DATA BLOCK.
++++++++++

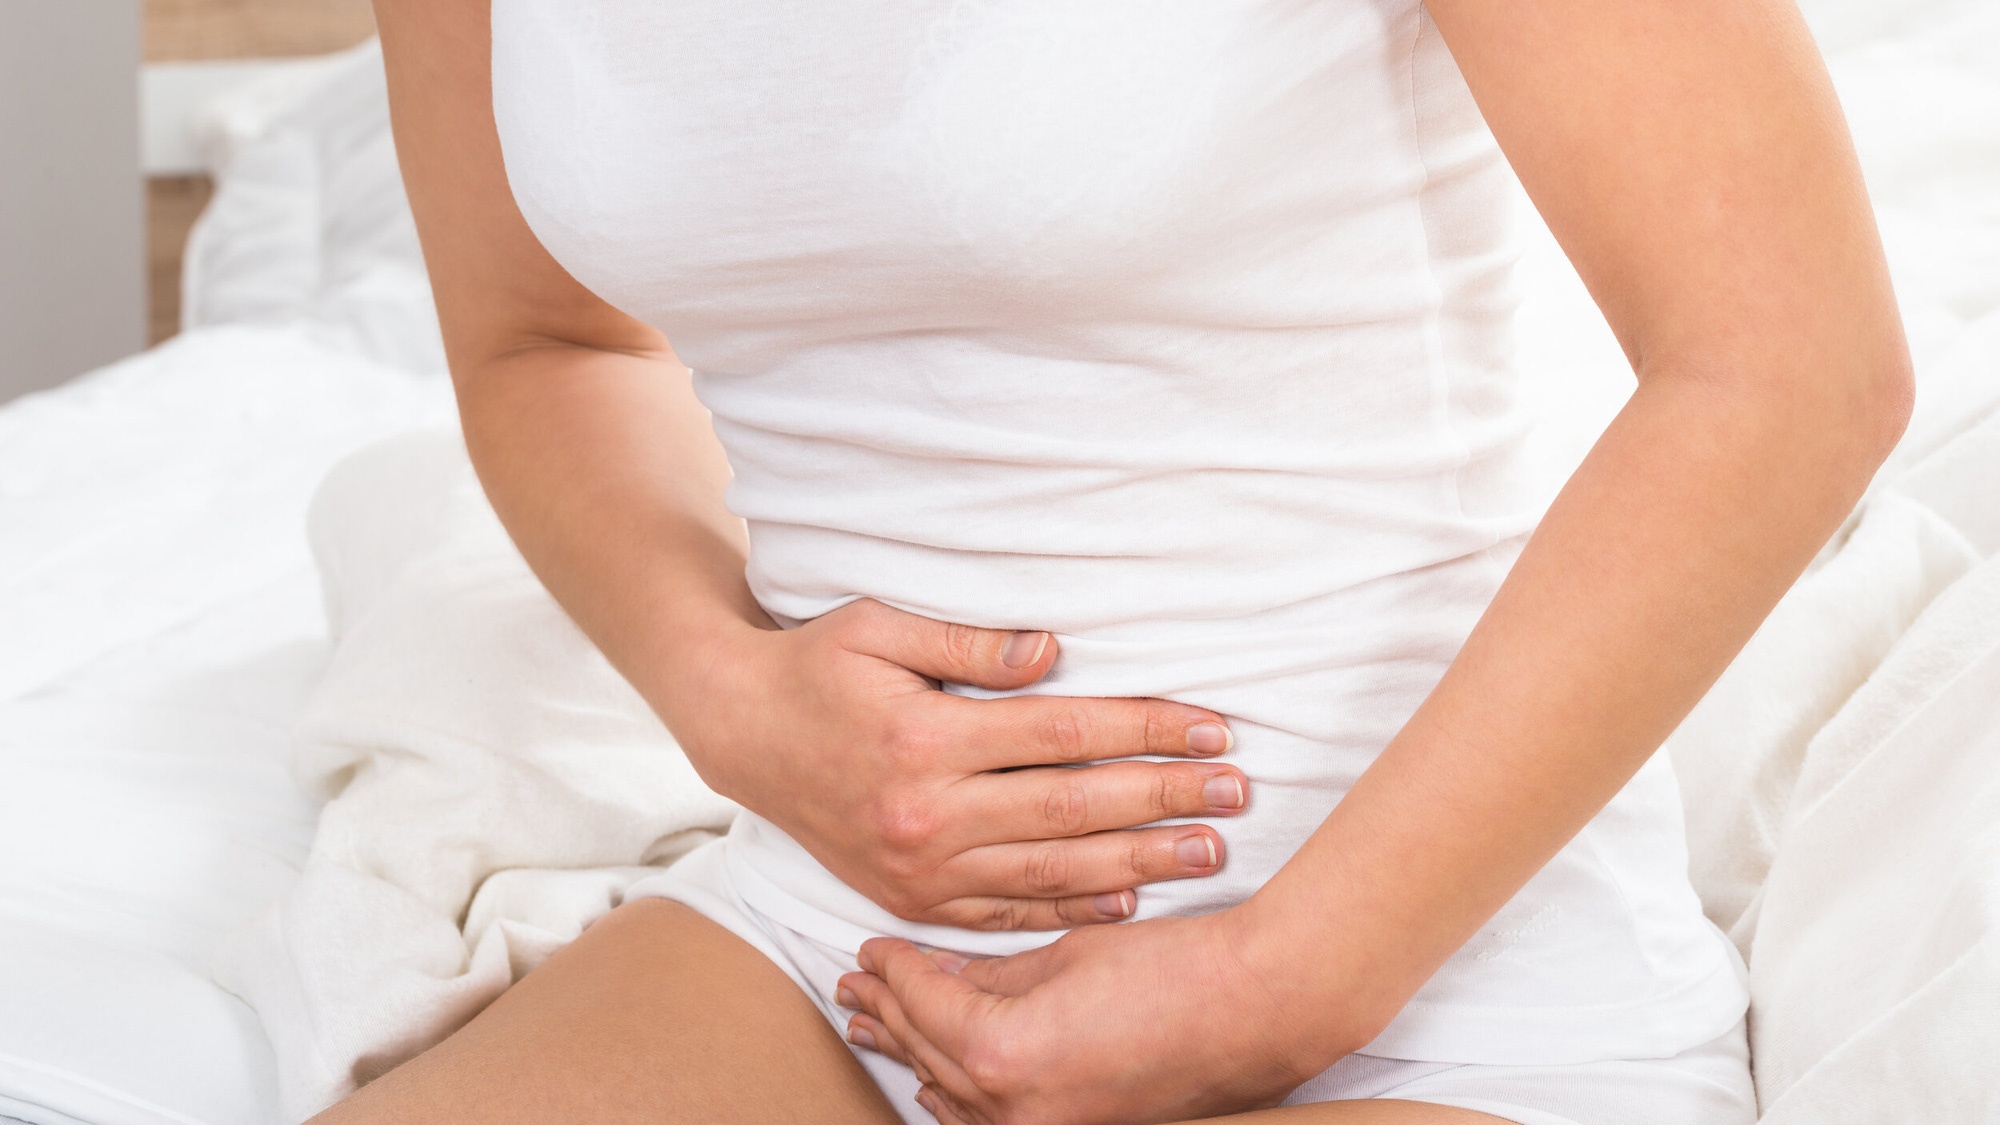 Có những phương pháp chẩn đoán nào được sử dụng để xác định nguyên nhân gây ra đau quặn giữa bụng trên rốn?
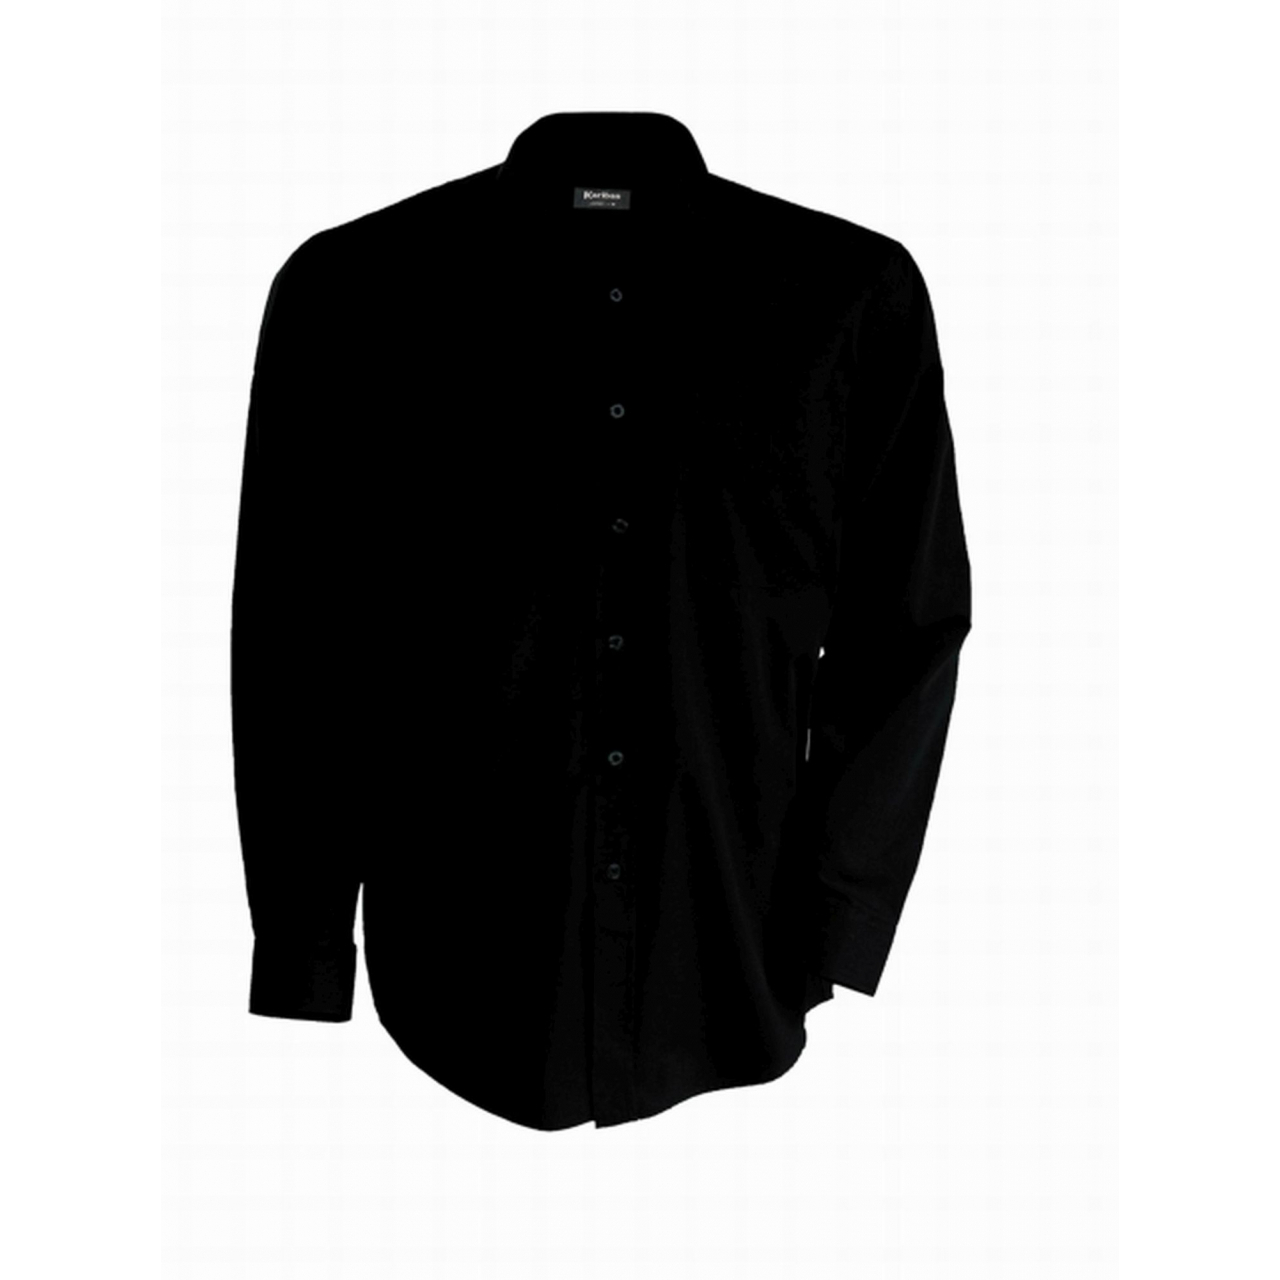 Pánská košile Kariban dlouhý rukáv v nežehlivé úpravě - černá, XXL
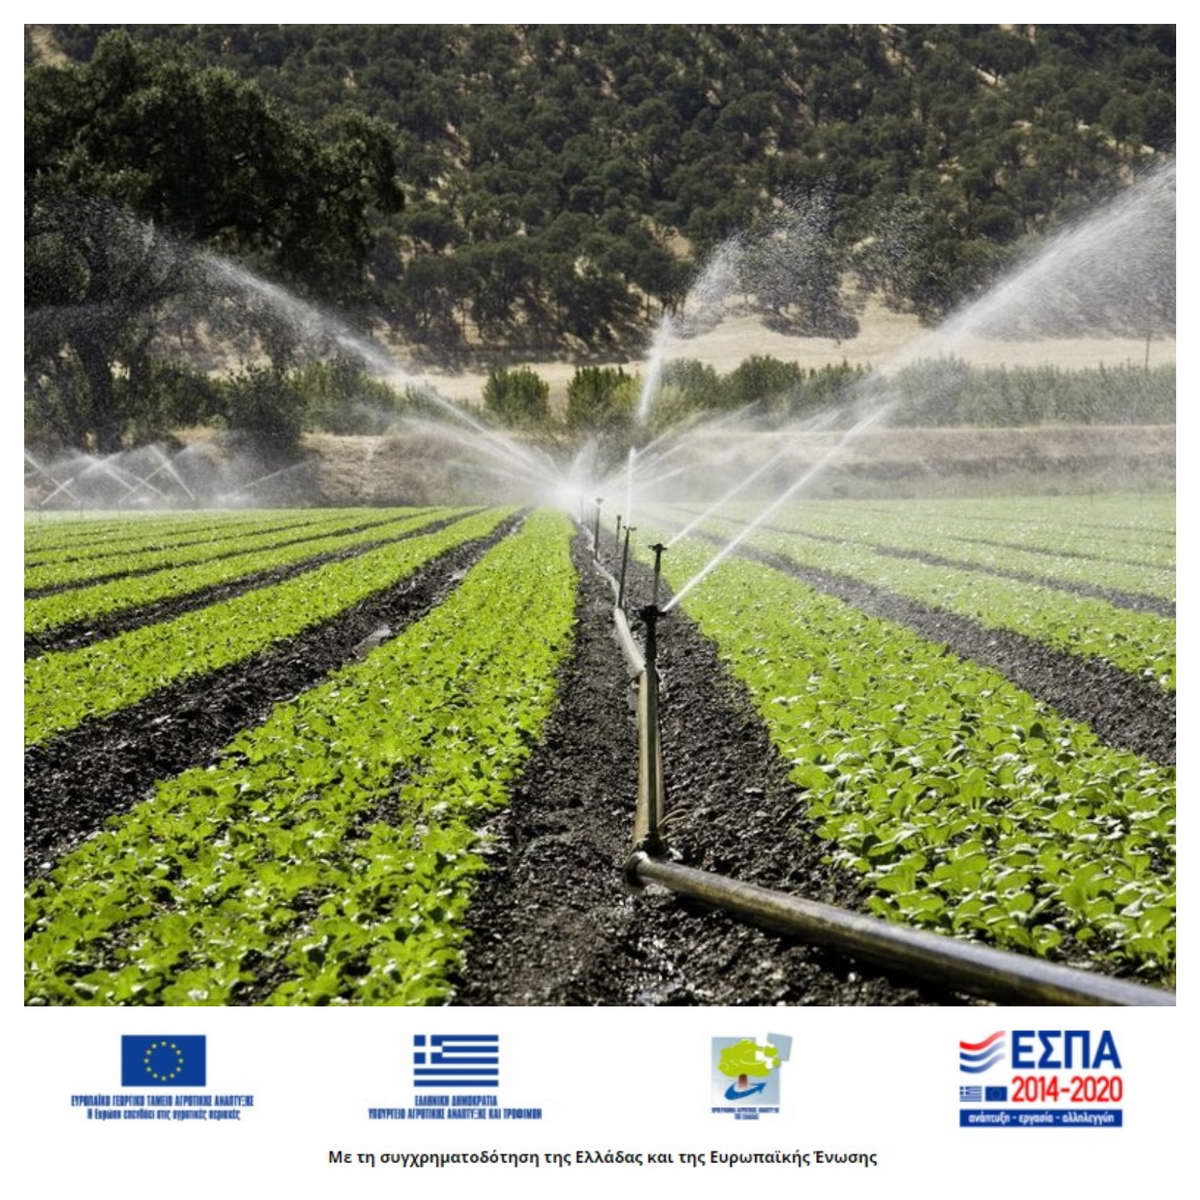 2021.06.03 @ Π.Ε. Λευκάδας: Μέχρι τις 15 Ιουλίου η Υποβολή Προτάσεων ενίσχυσης για επενδύσεις εξοικονόμησης νερού μέσω του ΠΑΑ 2014-2020. #ΠΙΝ #Λευκάδα #ΑγροτικήΑνάπτυξη #AgrotikiAnaptixi #ΠΑΑ #PAA #ΕΣΠΑ #ESPA #ThisIsESPA #antipin_lefkada #ΠεριφέρειακήΕνότηταΛευκάδας #ΠεριφέρειαΙονίωνΝήσων
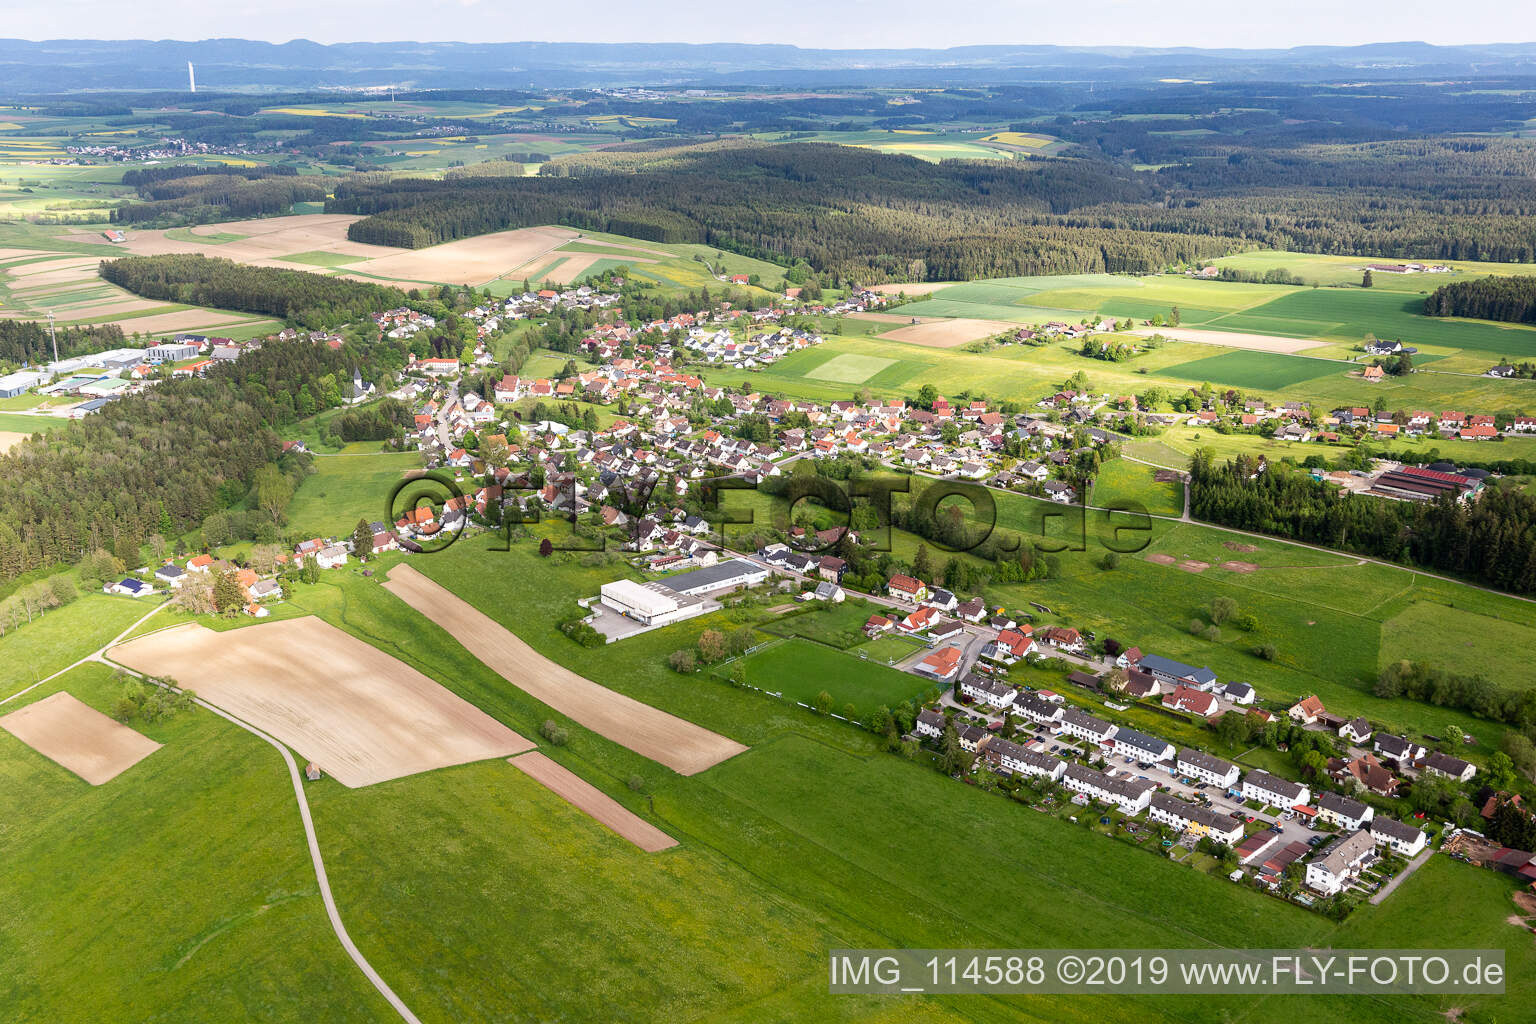 Schramberg im Bundesland Baden-Württemberg, Deutschland aus der Luft betrachtet

++++++++++

Write out the whole listing again, exactly, with no pictures.

 Có những phương pháp chẩn đoán nào được sử dụng để xác định nguyên nhân gây ra đau quặn giữa bụng trên rốn?
 Pánská košile Kariban dlouhý rukáv v nežehlivé úpravě - černá, XXL
 2021.06.03 @ Π.Ε. Λευκάδας: Μέχρι τις 15 Ιουλίου η Υποβολή Προτάσεων ενίσχυσης για επενδύσεις εξοικονόμησης νερού μέσω του ΠΑΑ 2014-2020. #ΠΙΝ #Λευκάδα #ΑγροτικήΑνάπτυξη #AgrotikiAnaptixi #ΠΑΑ #PAA #ΕΣΠΑ #ESPA #ThisIsESPA #antipin_lefkada #ΠεριφέρειακήΕνότηταΛευκάδας #ΠεριφέρειαΙονίωνΝήσων
 Schramberg im Bundesland Baden-Württemberg, Deutschland aus der Luft betrachtet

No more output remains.